So, what’s the plan?
That’s a question that every election strategist has to answer.
In 2016, Donald Trump had a plan – i.e. ignore the coastal elites and go for the rust belt – and he pulled it off. In 2015, Ed Miliband had a plan – i.e. play it safe, win 35% of the vote and get the minor parties to put him into government – and he didn’t pull it off.
In 2017, Jeremy Corbyn had a plan – don’t play it safe, unite the Left and inspire large numbers of habitual non-voters to turn out. His enemies, particularly those on the centre-left, snorted in derision, but he very nearly pulled it off. Contrary to all expectations, he deprived Theresa May of her majority and achieved the highest Labour vote share since 2001.
As much as it might pain those who deplore the hard left takeover of the Labour Party, on electoral strategy Corbyn was right and his critics were wrong.
But has that strategy now hit a wall? The result of this year’s English local elections would suggest that it has. Labour did make significant, though not spectacular, advances in London; but outside the capital – in the kind of seats the party needs to win to get a majority – it stalled, and in some places went backwards.
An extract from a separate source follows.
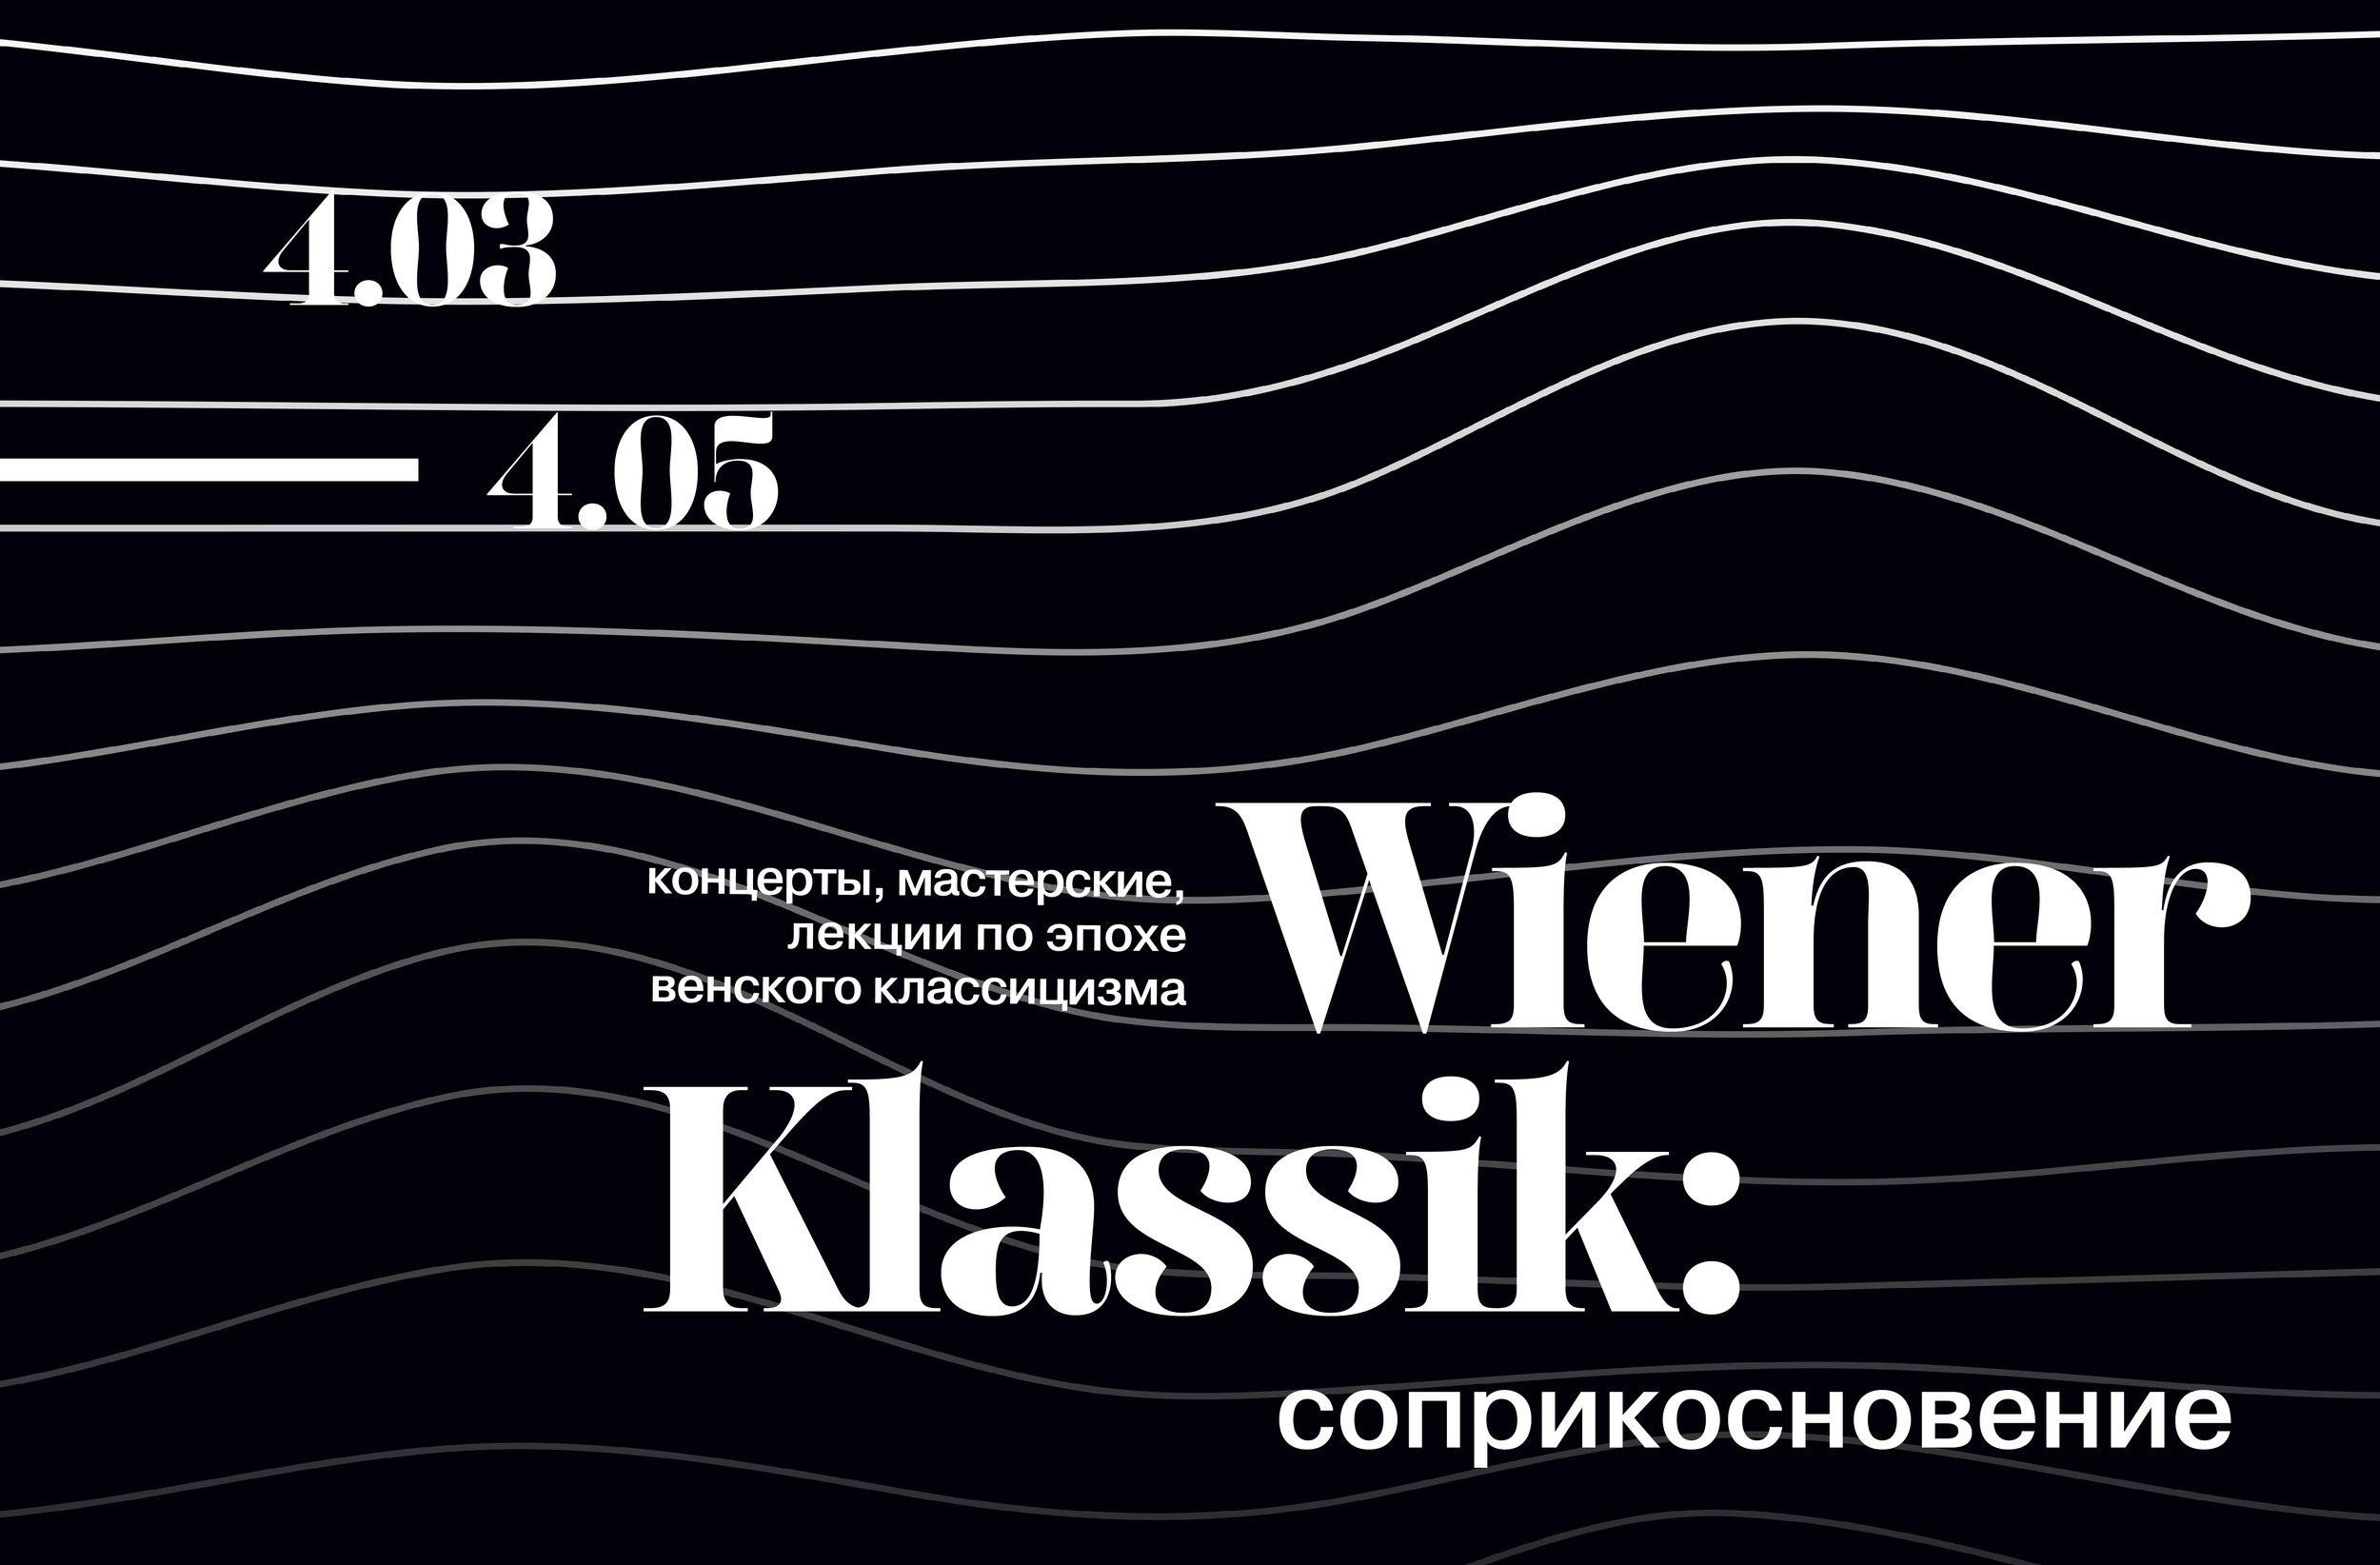 Wiener курс1-04 (1).jpg

In the Independent, Tom Peck suggests that some Corbynites realise that a course correction is necessary:
“That Labour lost control of Nuneaton council in Thursday’s local elections was a gentle political earthquake. Hours later, the journalist turned Corbyn campaigner Paul Mason made a startling admission: ’Progressives can win if they make an alliance,’ he said. ‘To win swing seats in the Midlands and Southern England, Labour needs to get even more outside its comfort zone and fight for centrist votes.’”
“… it would seem even Paul Mason is aware that Corbynism might have reached its psephological limits – and that the old rule, about winning from the centre, might just still apply.”
Peck is right about Corbyn needing to win, or win back, England’s flyover country, but is this really the same thing as ‘winning from the centre’?